Do que ando a procura... o engraçado é kem me deu o nome de mikas foram 2 amigas minhas alentejanas, de ferreira hehe pois eu ando a procura de mim... e dos outros. uma busca incessante de algo que ainda n descubri o k é.

11/16/2005 11:42 da tarde  
Blogger MWoman said...

Isso pergunto eu: que fazes tu em casa da Etelvina, gajo?

Vê se voltas para casa, pá, antes que faça aqui uma peixeirada!!! Ai dou-te o peixe, dou!

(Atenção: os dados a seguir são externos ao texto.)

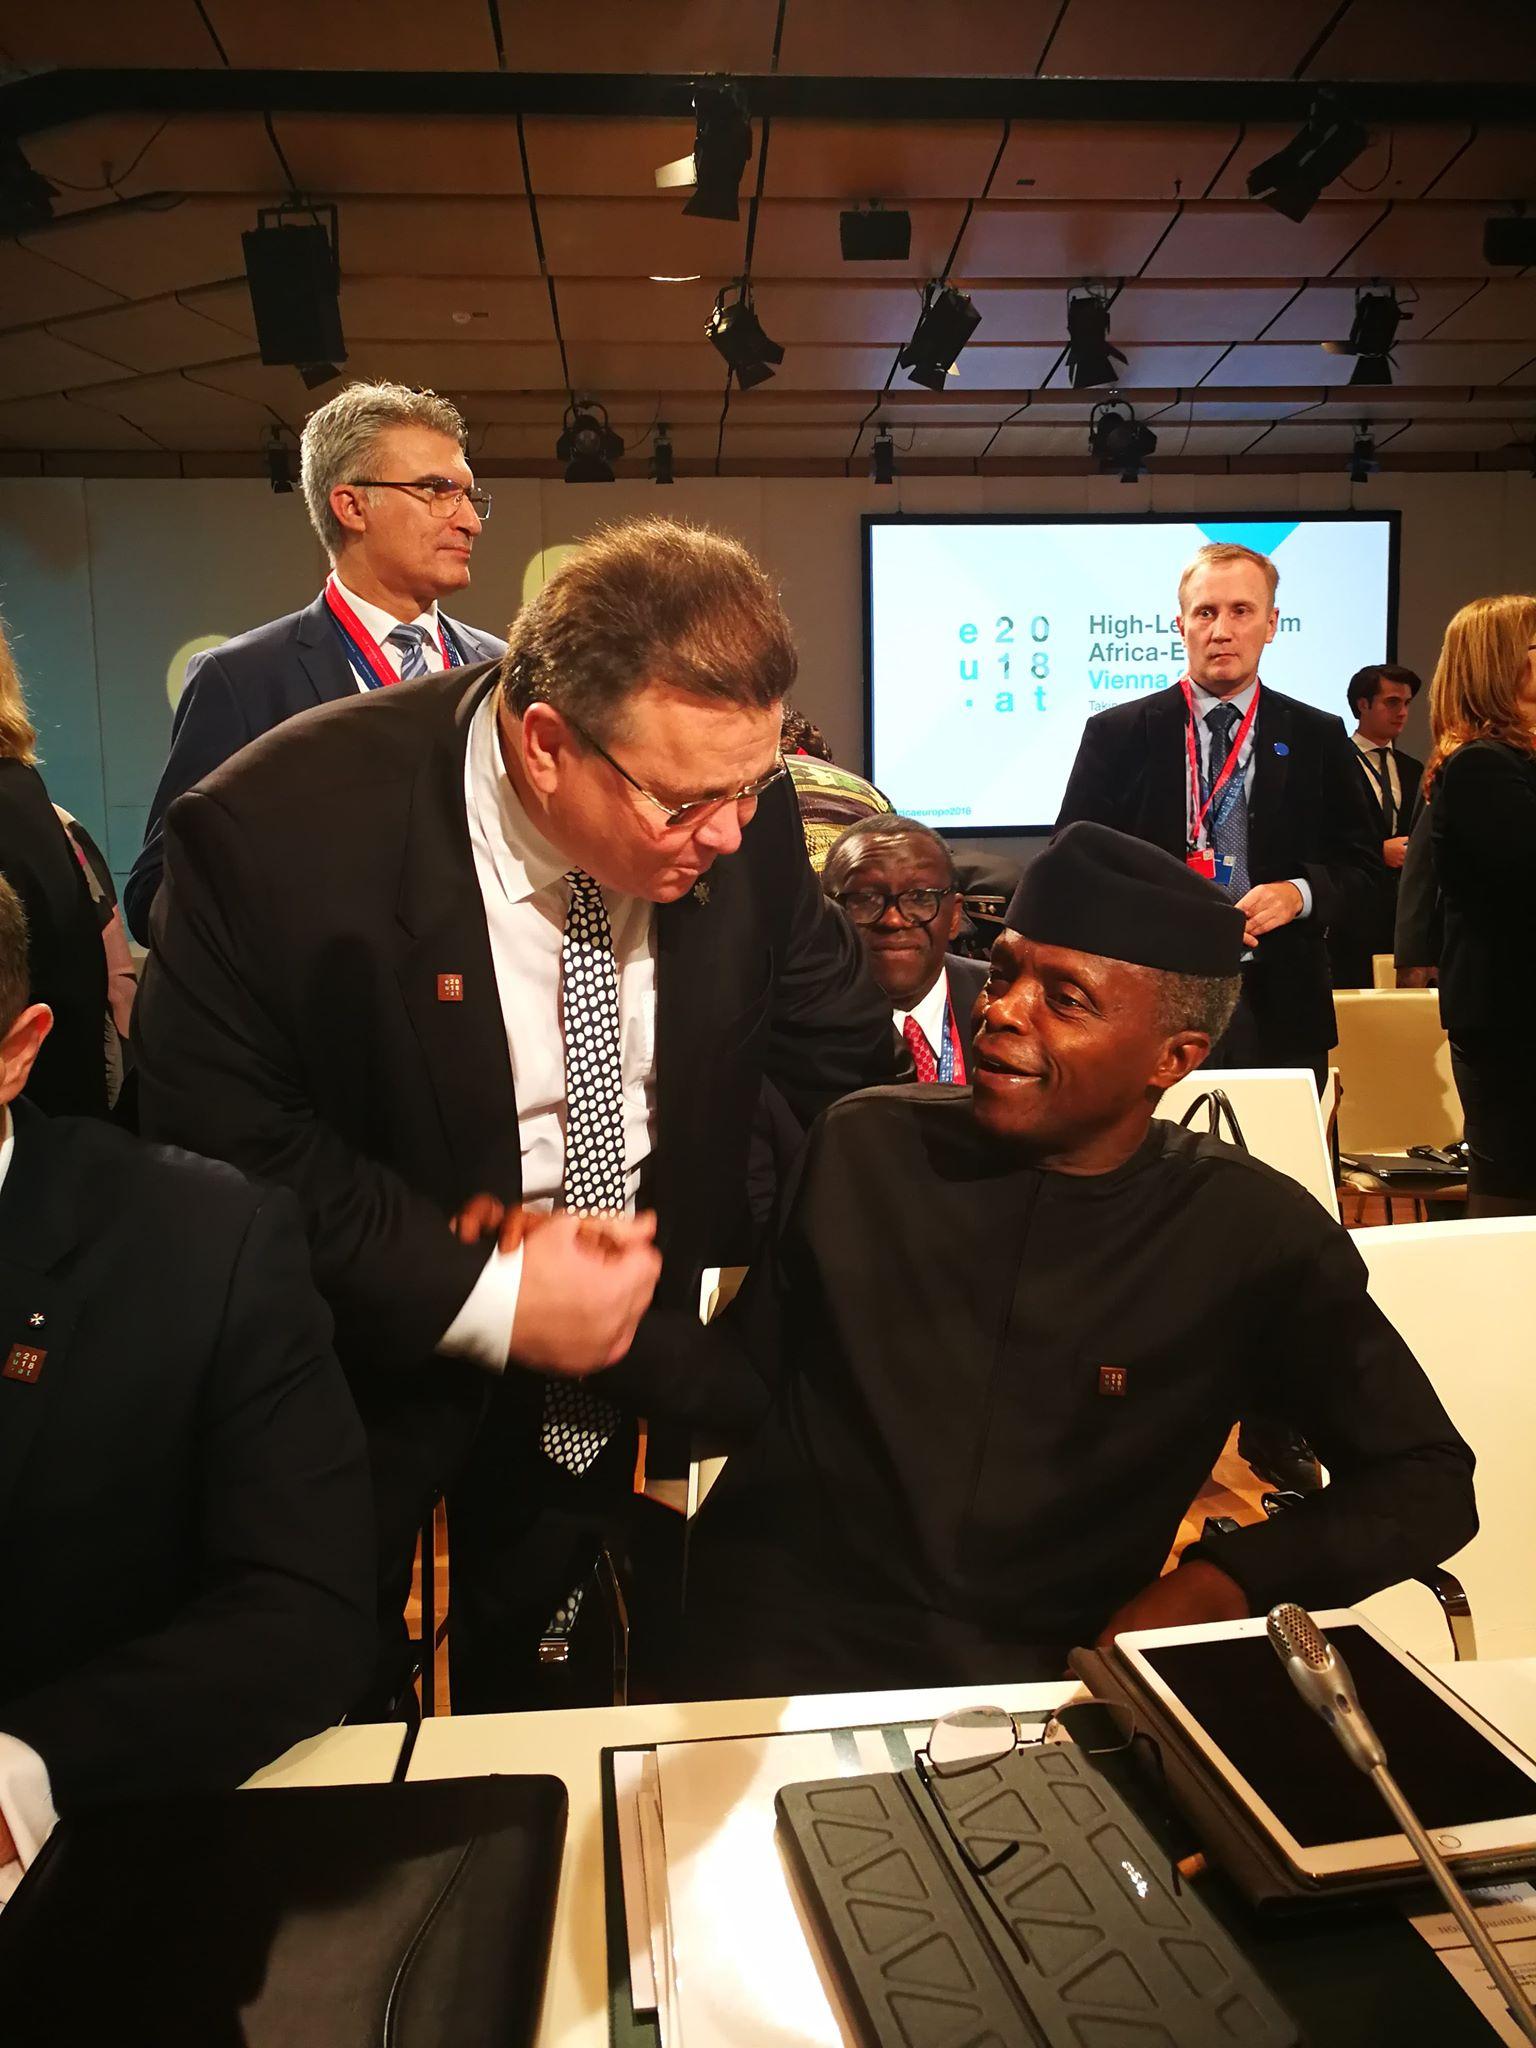 Bendra ES ir Afrikos skaitmeninė vizija Lietuvos IRT įmonėms atvers naujas rinkas

11/16/2005 11:51 da tarde  
Blogger UGAJU said...

legível: haverá algum sonho que não seja surrealista? Qu'a Ribeira é o cenário... claro, carago! (dito com sotaque alentejano). O Manuel d'Oliveira? Mas esse gajo só faz filmes d'acção e isto é pr'a levar devagar, sono retemperador dura pr'aí umas 8 horas. E s'a fita demorar 5 anos a produzir o realizador vai receber o prémio em Paris (o único sítio do mundo que o entende; agora com os motins percebe-se... fartaram-se!). Eh pá, não precisavas de te justificar porque quem se chama legível jamais será incompreendido!
Grande abraço

mfc: porra! tu és o Mário qu'anda às avessas com o sr. Cura? Ai que fui apanhado...

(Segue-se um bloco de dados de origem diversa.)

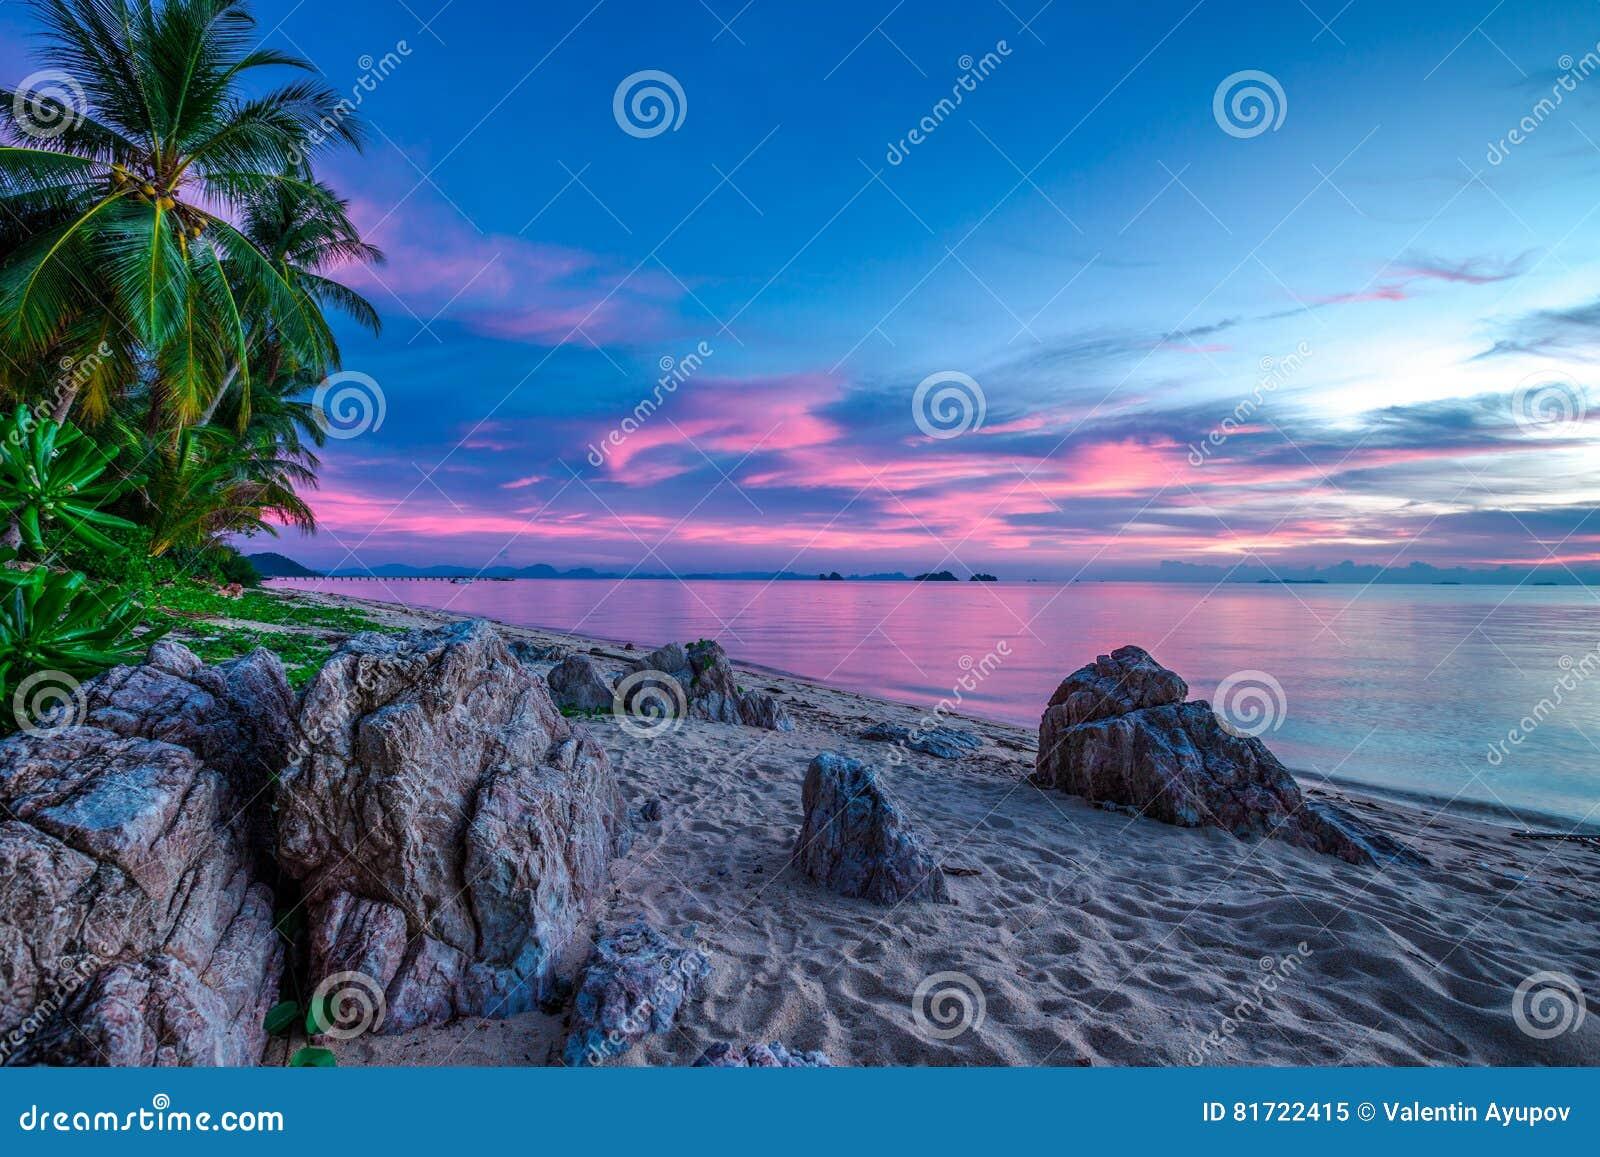 Violetter Sonnenuntergang über dem Meer und dem felsigen Strand

leonoretta: topaste tudo! Pela perspicácia venha daí um abraço.

mikas: pareces a minha tia Rosário, conversadeira com'ela não há! Gosto de ti moça, se quiseres mikar aqui tás à vontade! Bem me dizia o compadre Aurélio, a néti é como a casa da Idalina, nunca se sabe quem lá está! Beijinhos

mWoman: gosto disto! Uma gaja que sabe o que quer só pode ser alentejana! Se tiveres nascido noutro sítio acredita que foi por mero acaso, o Alentejo vai do rio Minho ao Guadiana...

11/17/2005 12:13 da manhã  
Blogger Aromas Do Mar said...

Ai, que bom que me trouxeste até cá, serei assídua, é uma certeza!

Beijo da mar revolto

11/17/2005 8:09 da tarde  
Blogger UGAJU said...

mar revolto/mar azul: re...volto? Claro, volta sempre mar azul!